Il diavolo veste d’arte e di design

di Claudio Castellacci

La prima volta che l’ho incontrato (al giro di boa del millennio), Franco Cologni era vestito da diavolo. Sì, avete capito bene, da Mefistofele con tanto di cappa, coda, corna, e sembrava divertirsi un mondo. Era sul set fotografico di Maurizio Galimberti per un ritratto che avrebbe illustrato l’editoriale del magazine internazionale Cartier Art (n. 7, “Rouge”, 2003), di cui Cologni era fondatore, editore e direttore.

«Il rosso è il colore Cartier», chiosò. Una pausa. «E del diavolo». Il parallelo non faceva una piega, anche se tutto ti aspetti, meno che il presidente esecutivo dell’intero settore gioielleria e orologeria del colosso controllato dalla Societé Financière Richemont – stiamo parlando di Cartier, Van Cleef & Arpels, Vacheron Constantin, Piaget, Baume & Mercier, IWC, A. Lange & Söhne, Jaeger-LeCoultre, Officine Panerai, e altre Maison – ti riceva, per un’intervista, en tant que Méphisto.

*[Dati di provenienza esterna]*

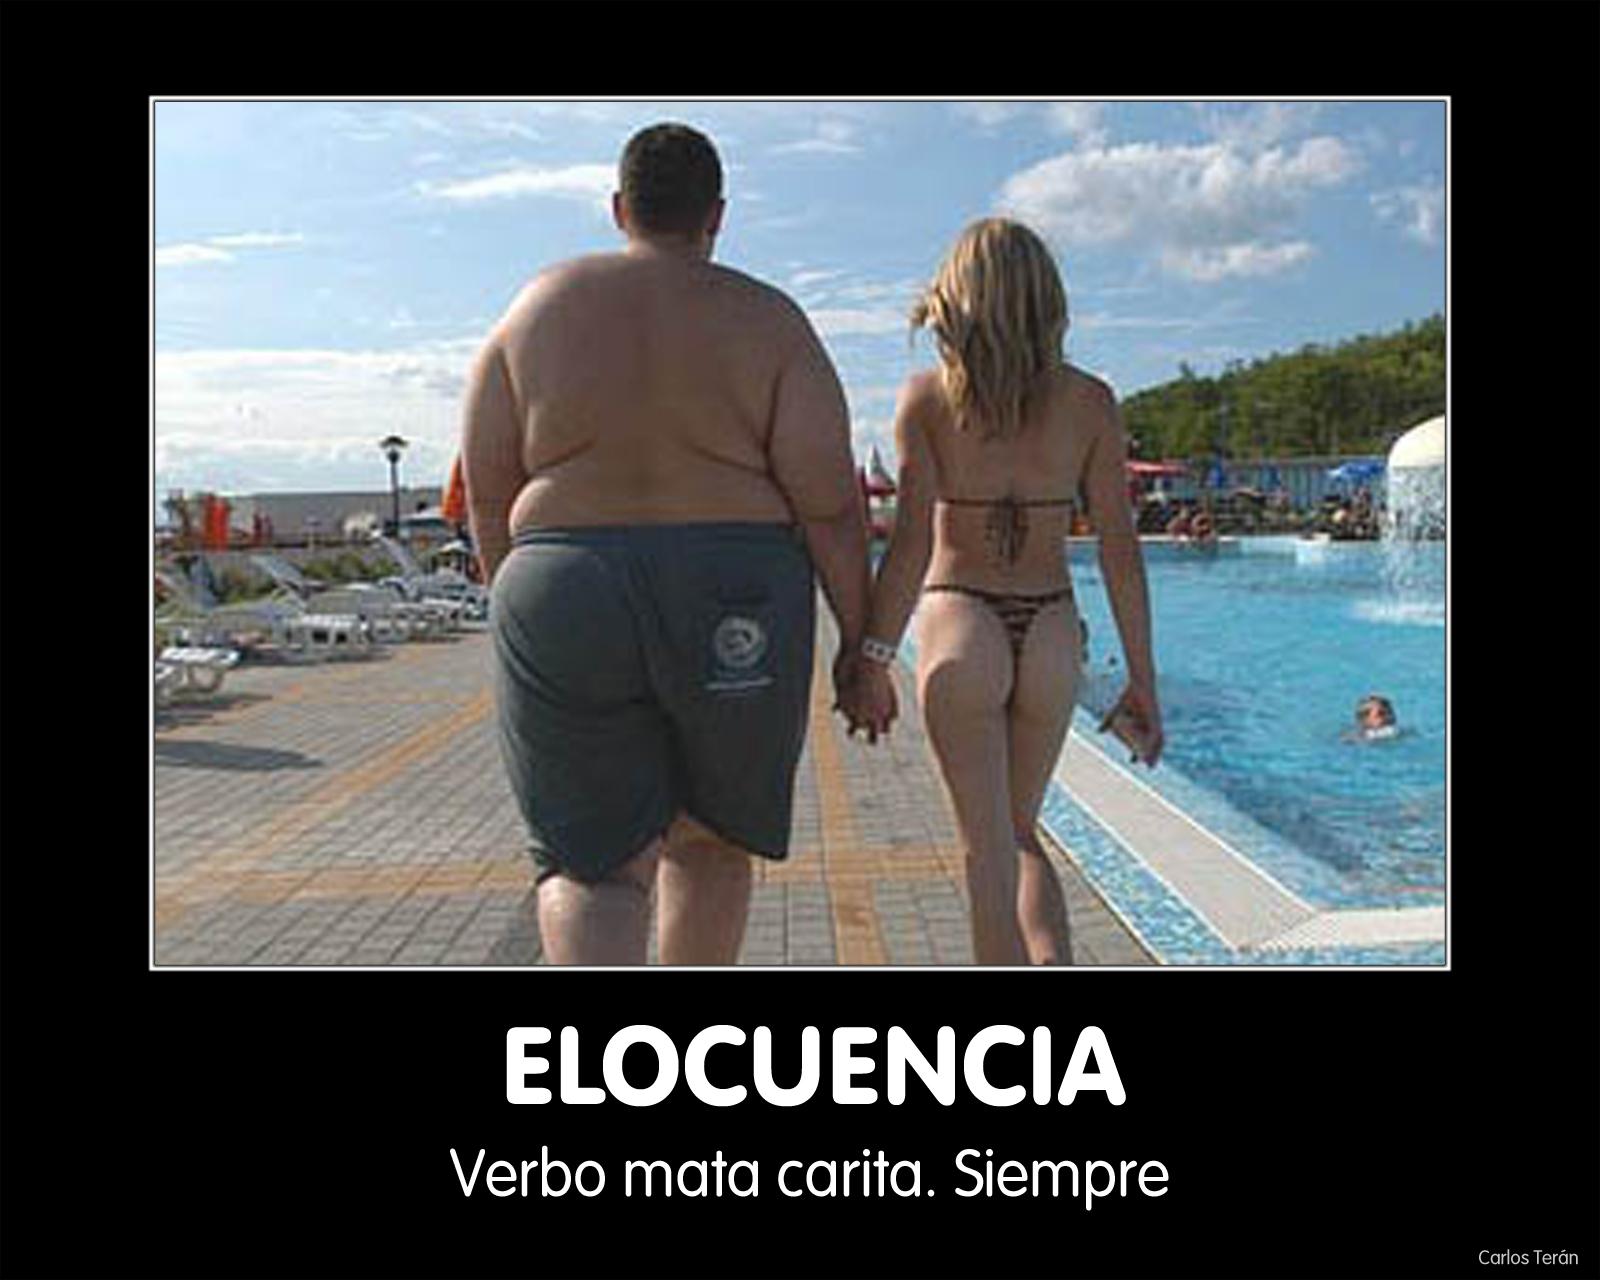 http://3.bp.blogspot.com/_iLsBG-TnMy4/SrxFq27tgyI/AAAAAAAAAN0/WHf0KlND19w/s1600/Elocuencia.jpg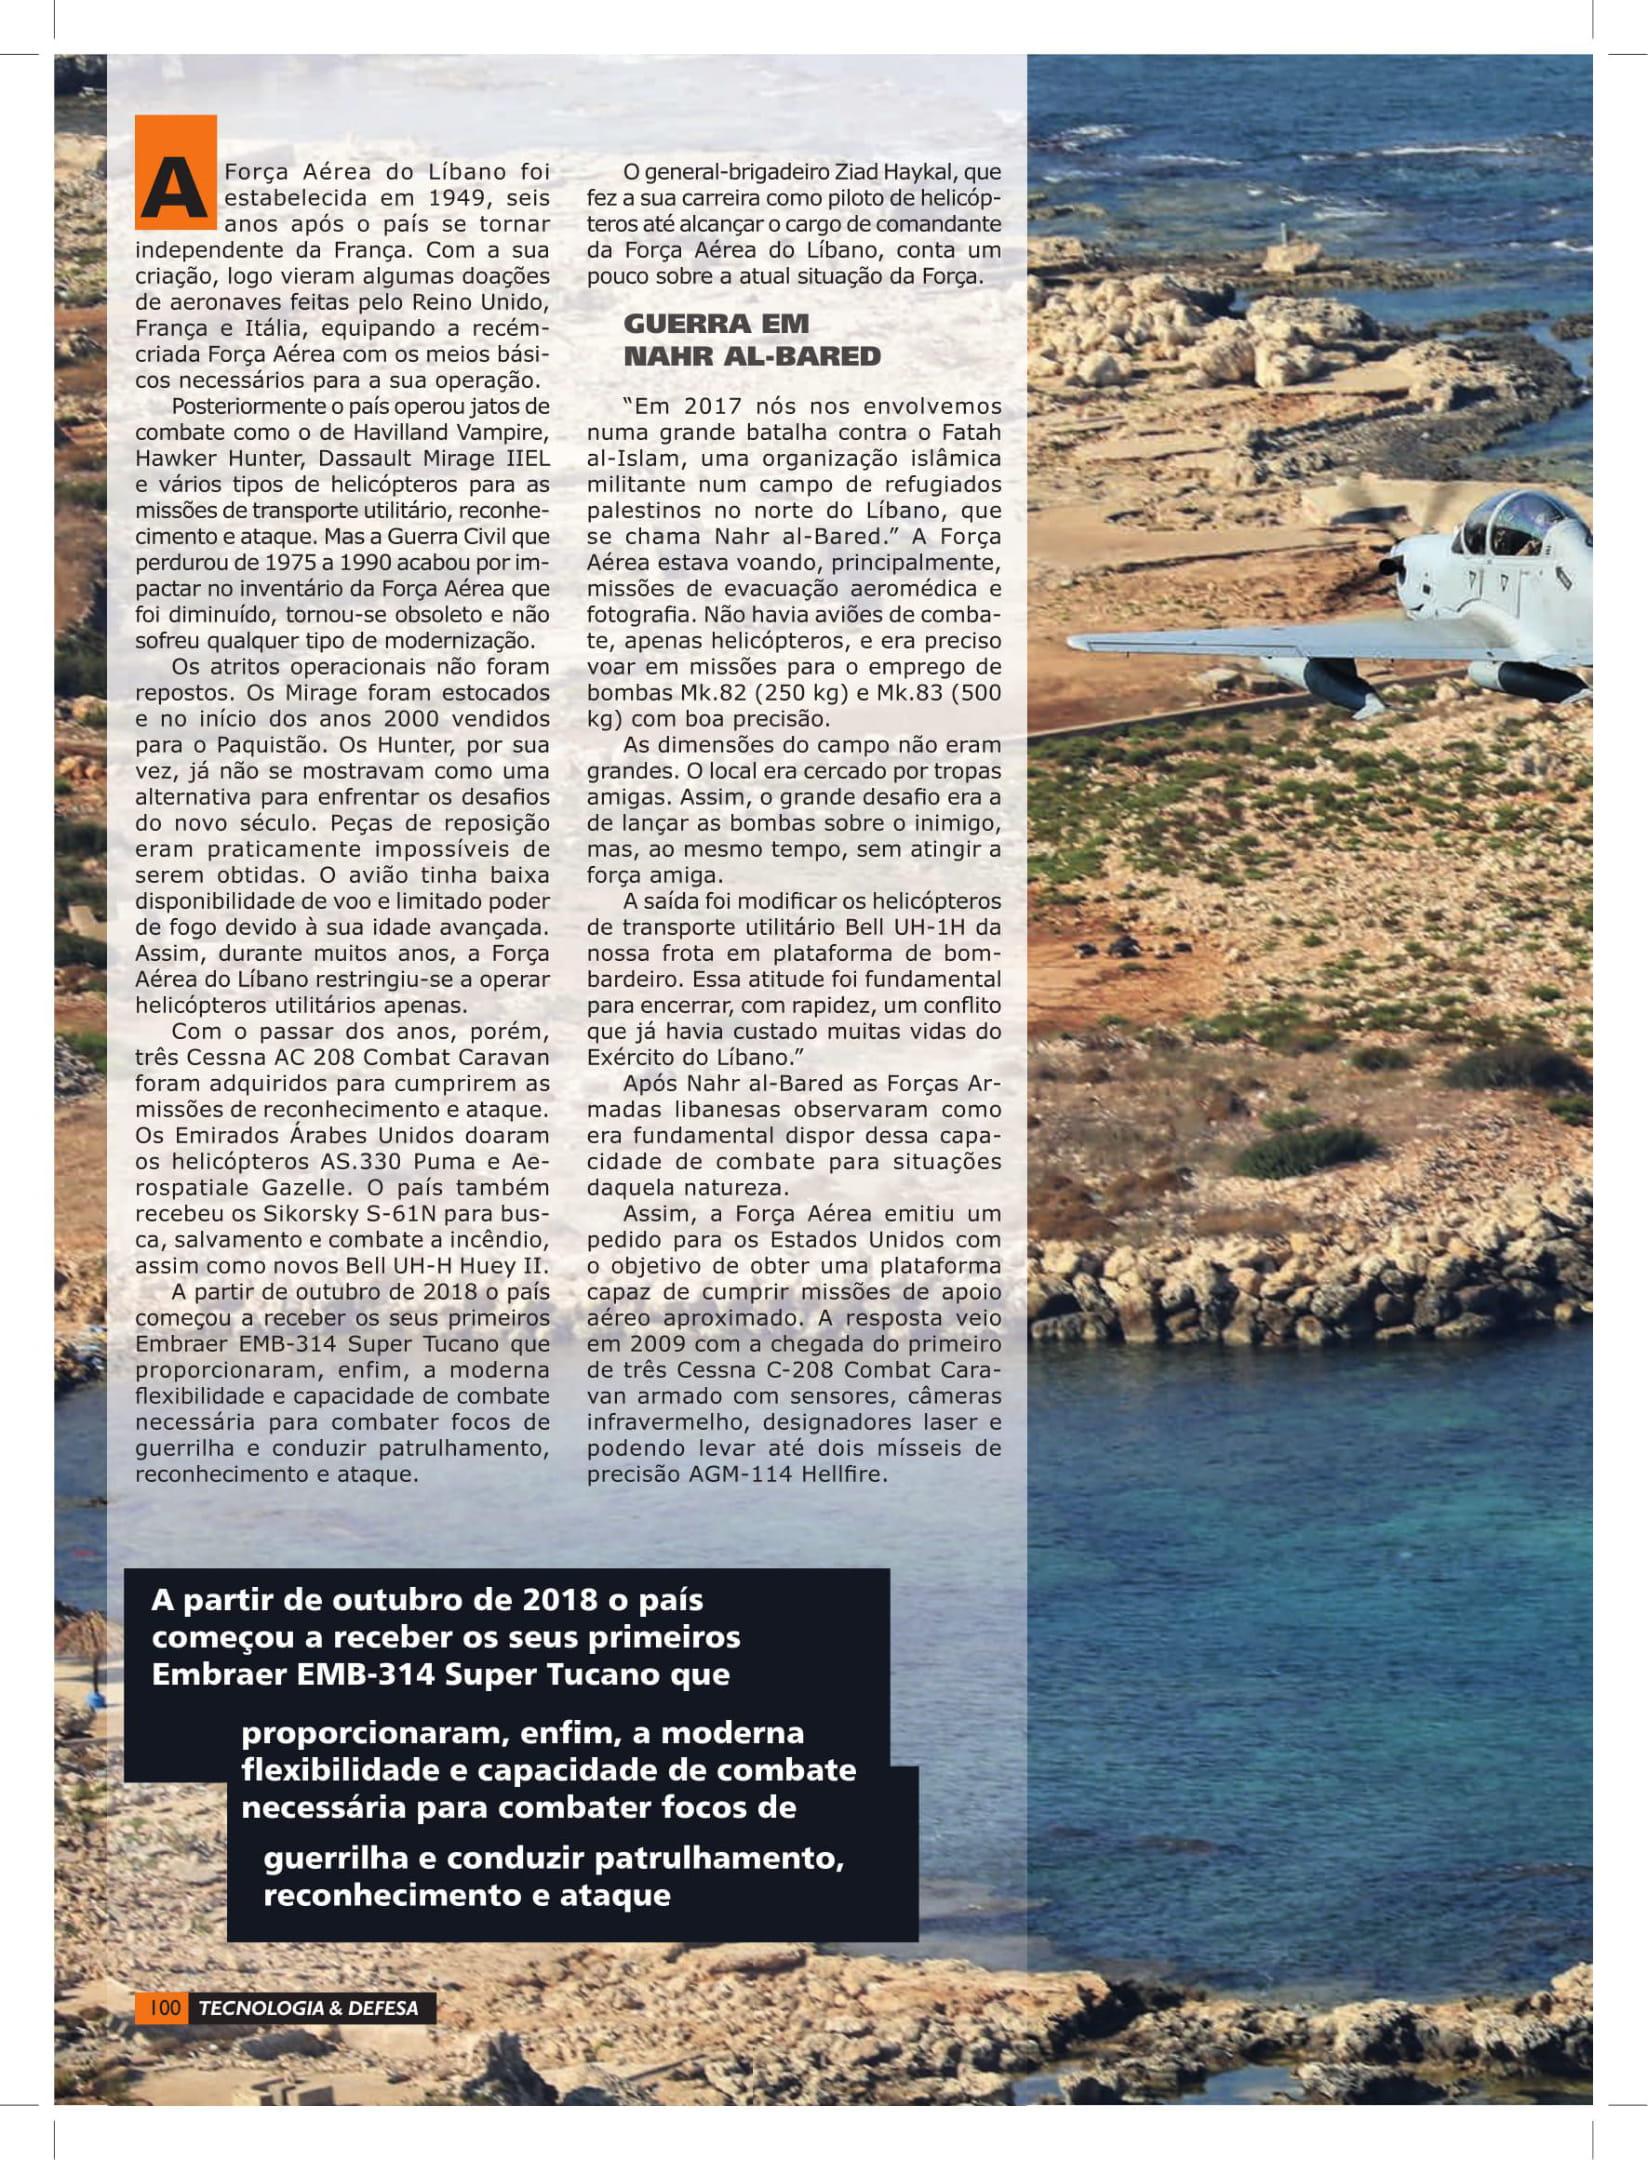 Tecnologia & Defesa (Brazil)_Lebanese Air Force-4

Nella sua rinnovata veste editoriale, il magazine festeggia i 25 anni della Fondazione Cologni dei Mestieri d’Arte, per continuare con intraprendenza e spirito di iniziativa la via segnata dal suo fondatore. Con visione e determinatezza, Franco Cologni si è nel tempo prodigato nel sostenere e promuovere la tradizione dei maestri del fare, coloro nelle cui mani è custodita la sapienza dell’artigianato d’eccellenza.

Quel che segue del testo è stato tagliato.